Production of mature neurons. (A): Illustration of the different steps of neuronal maturation. Neuronal progenitors can be expanded on solid-coated plates to 90%–100% confluence (magnification ×5 [Aa] and ×10 [Ab]) or dissociated and plated at a lower density (magnification ×5 [Ac] and ×10 [Ad]) for further differentiation (magnification ×5 [Ae] and ×10 [Af]). (B): Immunofluoresence staining 2 days after plating of neuronal progenitors on laminin in Neurobasal medium but without basic fibroblast growth factor and epidermal growth factor. The majority of cells express Nestin (Ba); cells were counterstained with 4′,6-diamidino-2-phenylindole (Bb) and merged (Bc). (C): At 20–30 days, mature neurons derived from hiPSCs express βIII-tubulin (green [Ca, Cb]) and the marker of mature neurons, NeuN (red [Cb]).

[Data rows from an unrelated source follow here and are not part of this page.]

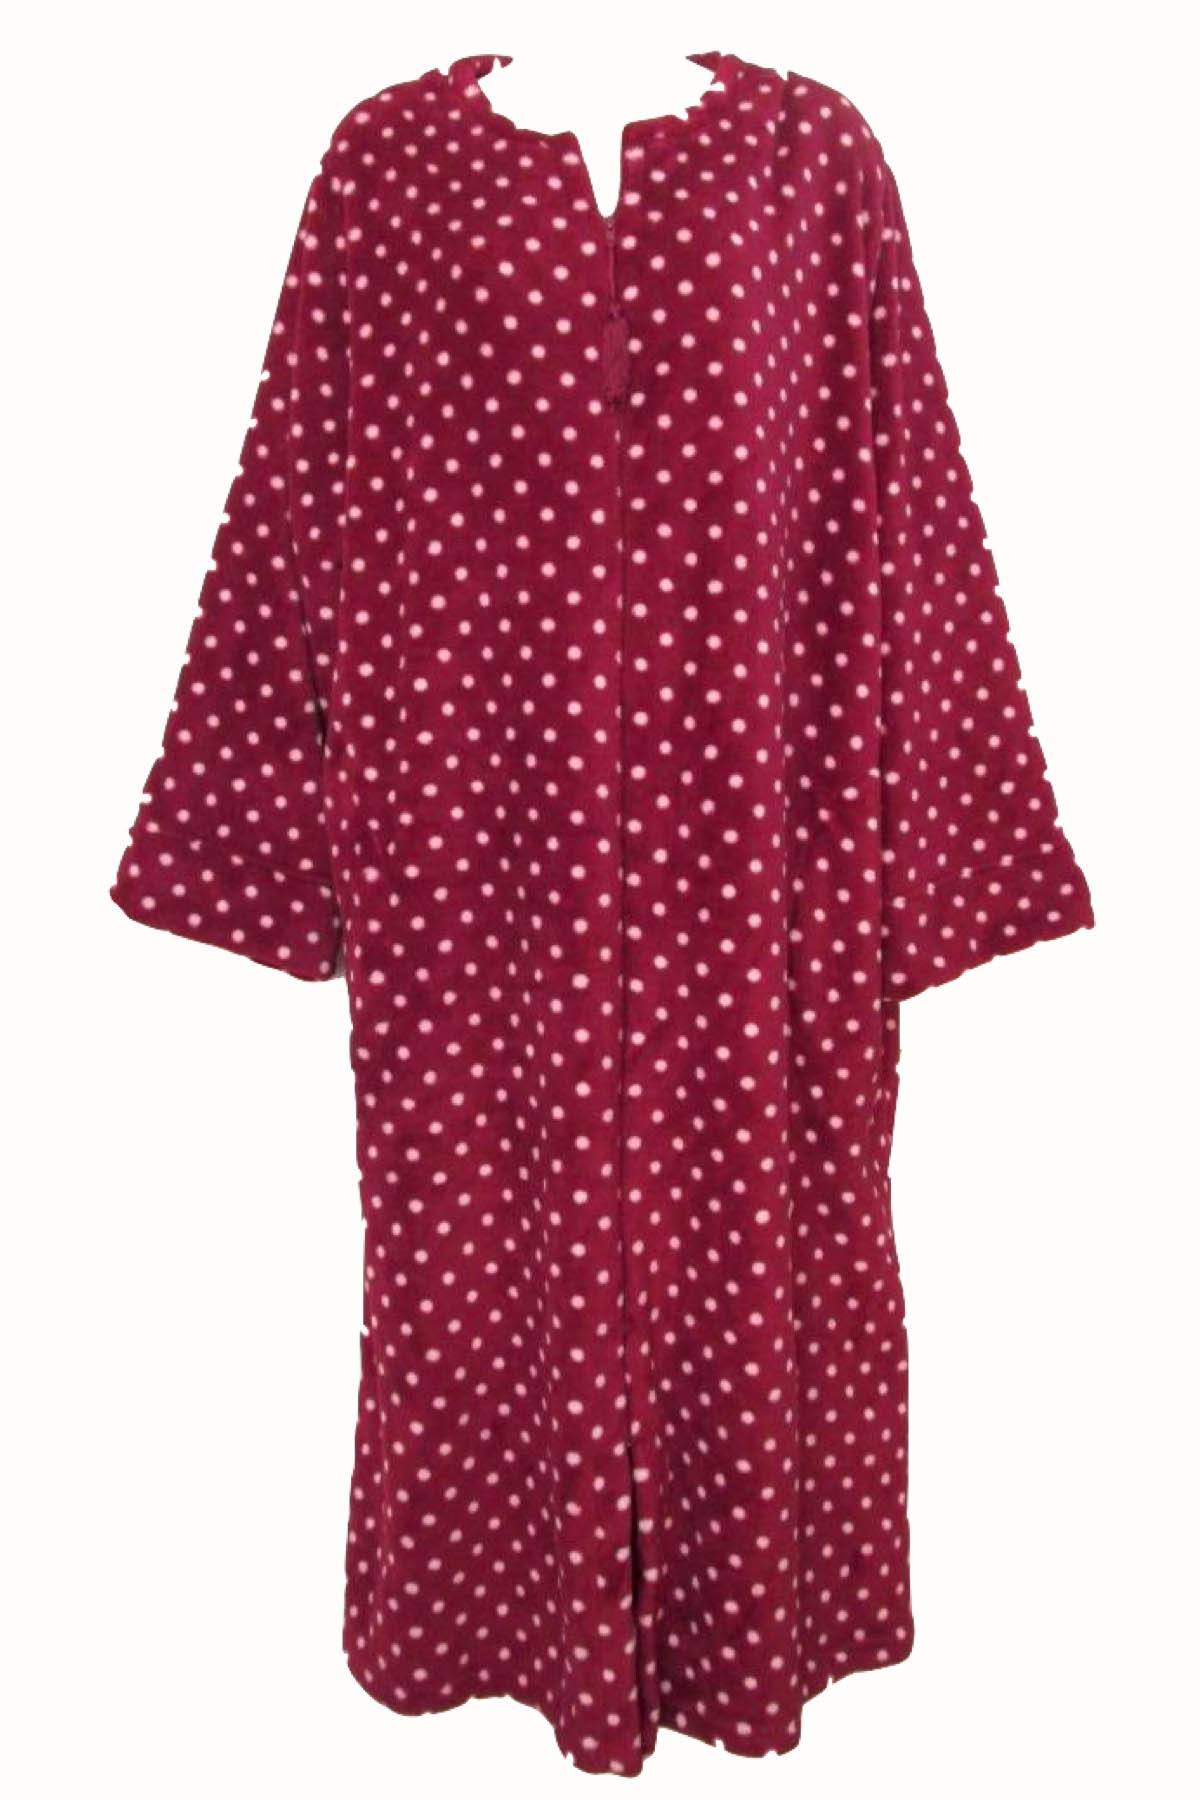 Miss Elaine Red/Pink Polka-Dot Long Fleece Zip-Up Robe
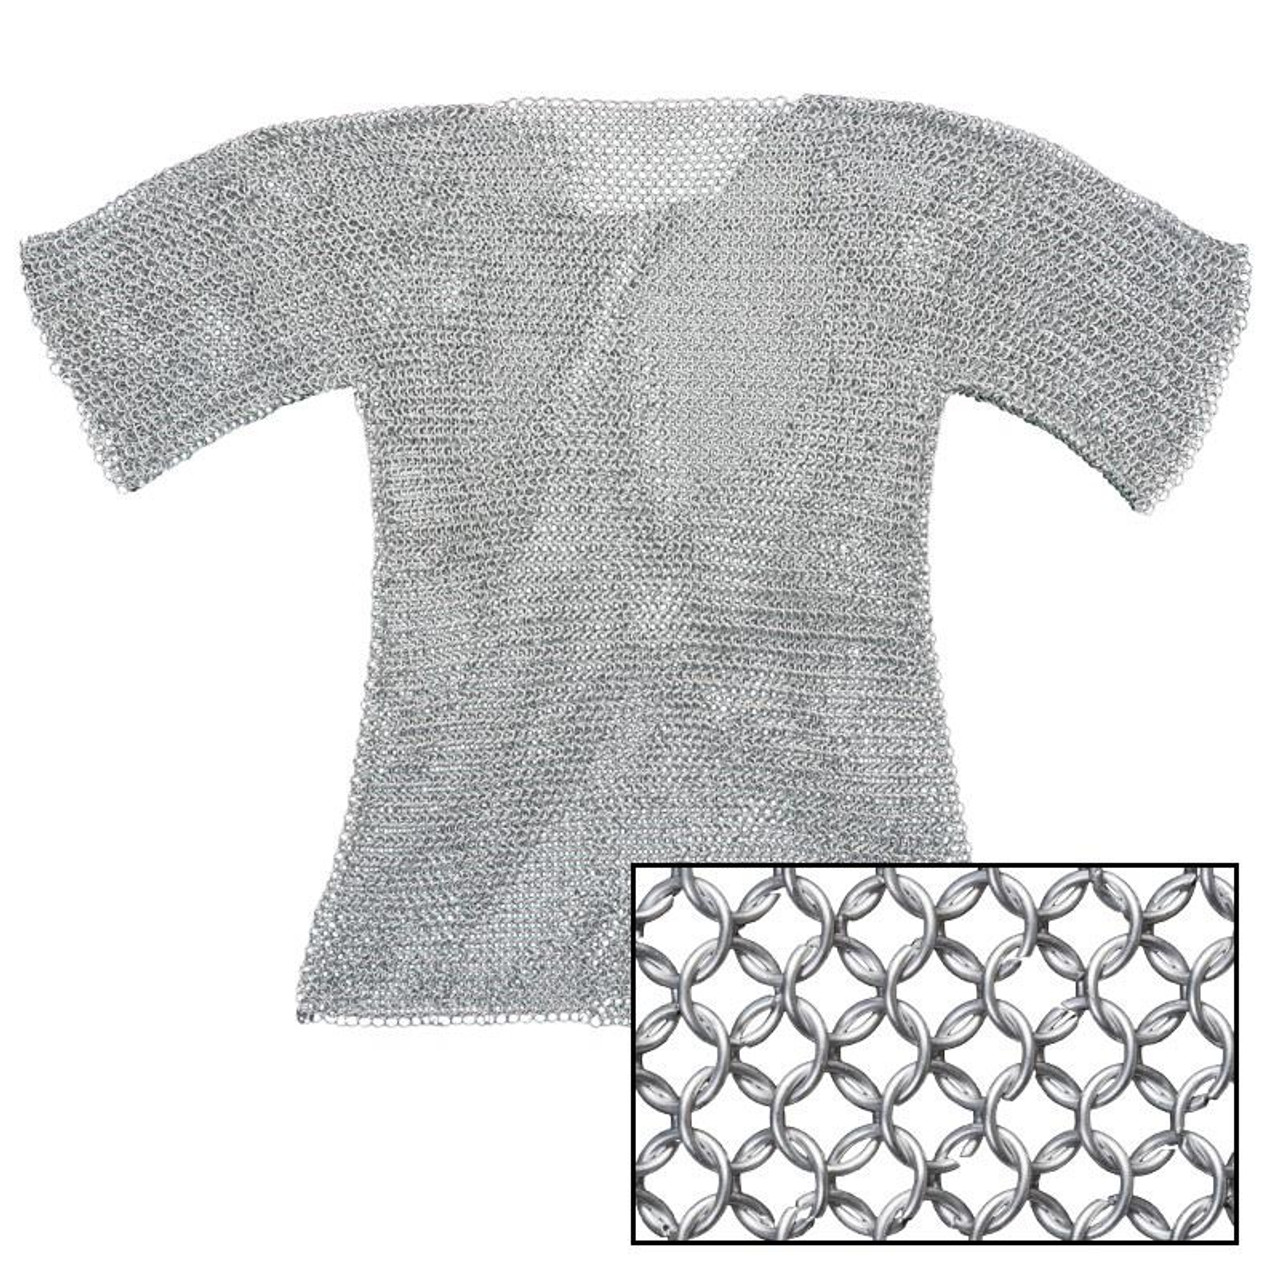 Half Sleeves Shirt Haubergeon Butted Aluminium L 10mm 16G
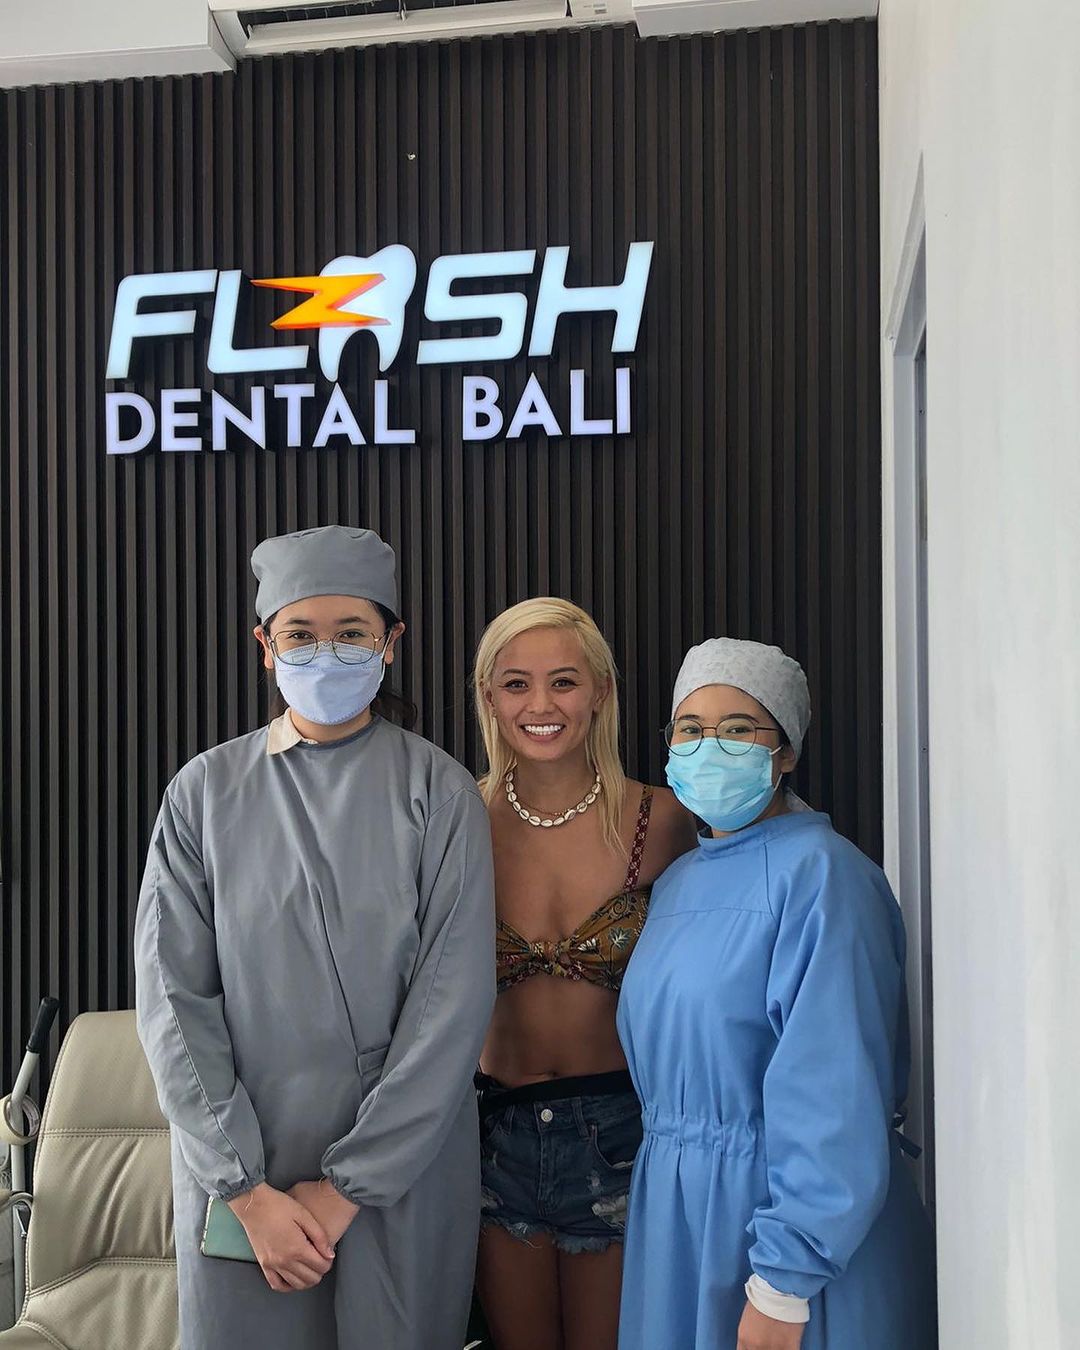 Flash Dental

Dopaminergic differentiation was induced by addition of SHH and FGF8, as described. The production and functionality of dopaminergic neurons were assessed by immunofluorescence staining with antibodies against tyrosine hydroxylase 15 days after induction (red [Cc]).

Figure 4.

Electrophysiological properties of human induced pluripotent stem cell (hiPSC) differentiated neurons. (A): Representative example (upper panel) of currents evoked by depolarizing voltage steps indicated above the traces (see scheme of the protocol in 4B, insert); expanded from dashed lines (insert), rectangular traces of fast-activating, fast-inactivating inward currents evoked by depolarizing voltage steps, as indicated; example (bottom traces) of currents evoked by the same set of depolarizing voltage steps as indicated above after 1-minute preapplication of TTX (1 μM) plus TEA (20 mM). Note the strong inhibition of both inward and outward components. (B): Current-voltage relations of outward K⁺ (▪) and inward Na⁺ (▴) in control conditions and after 1-minute application of 1 μM TTX + 20 mM TEA (●); scheme of depolarizing protocol (insert) for recording current-voltage relations. In the different tests, pulse protocol was the same. (C): Examples of single traces illustrating separate inhibition of voltage-gated Na⁺ currents by 1 μM TTX (left) and K currents by 20 mM TEA (right). Note different time scales. Abbreviations: TEA, tetraethylammonium; TTX, tetrodotoxin.

Figure 5.

Expression of neurotransmitter-activated channels in human induced pluripotent stem cell (hiPSC) differentiated neurons. (A): Representative examples of ionic currents induced by application of 1 mM GABA, 1 mM glycine, or 100 μM ACh in differentiated hiPSCs. Whole-cell recordings with intracellular solution containing 20 mM Cl⁻ at holding potential 0 mV (for GABA and glycine) and at −40 mV for ACh. Bars above traces indicate the time of agonist application. (B): Current-voltage relationship of the GABA-evoked inward current. Example (top) of superimposed traces of GABA-evoked currents at different potentials. Reversal potential was approximately −50 mV, as predicted from Nernst equation for intracellular solution containing 20 mM KCl. (C): Dose-response dependency and superimposed traces (insert) of whole-cell currents induced by rapid application of different concentration of GABA. Recording at 0 mV. Abbreviations: ACh, acetylcholine; EC₅₀, half maximal effective concentration; s, seconds.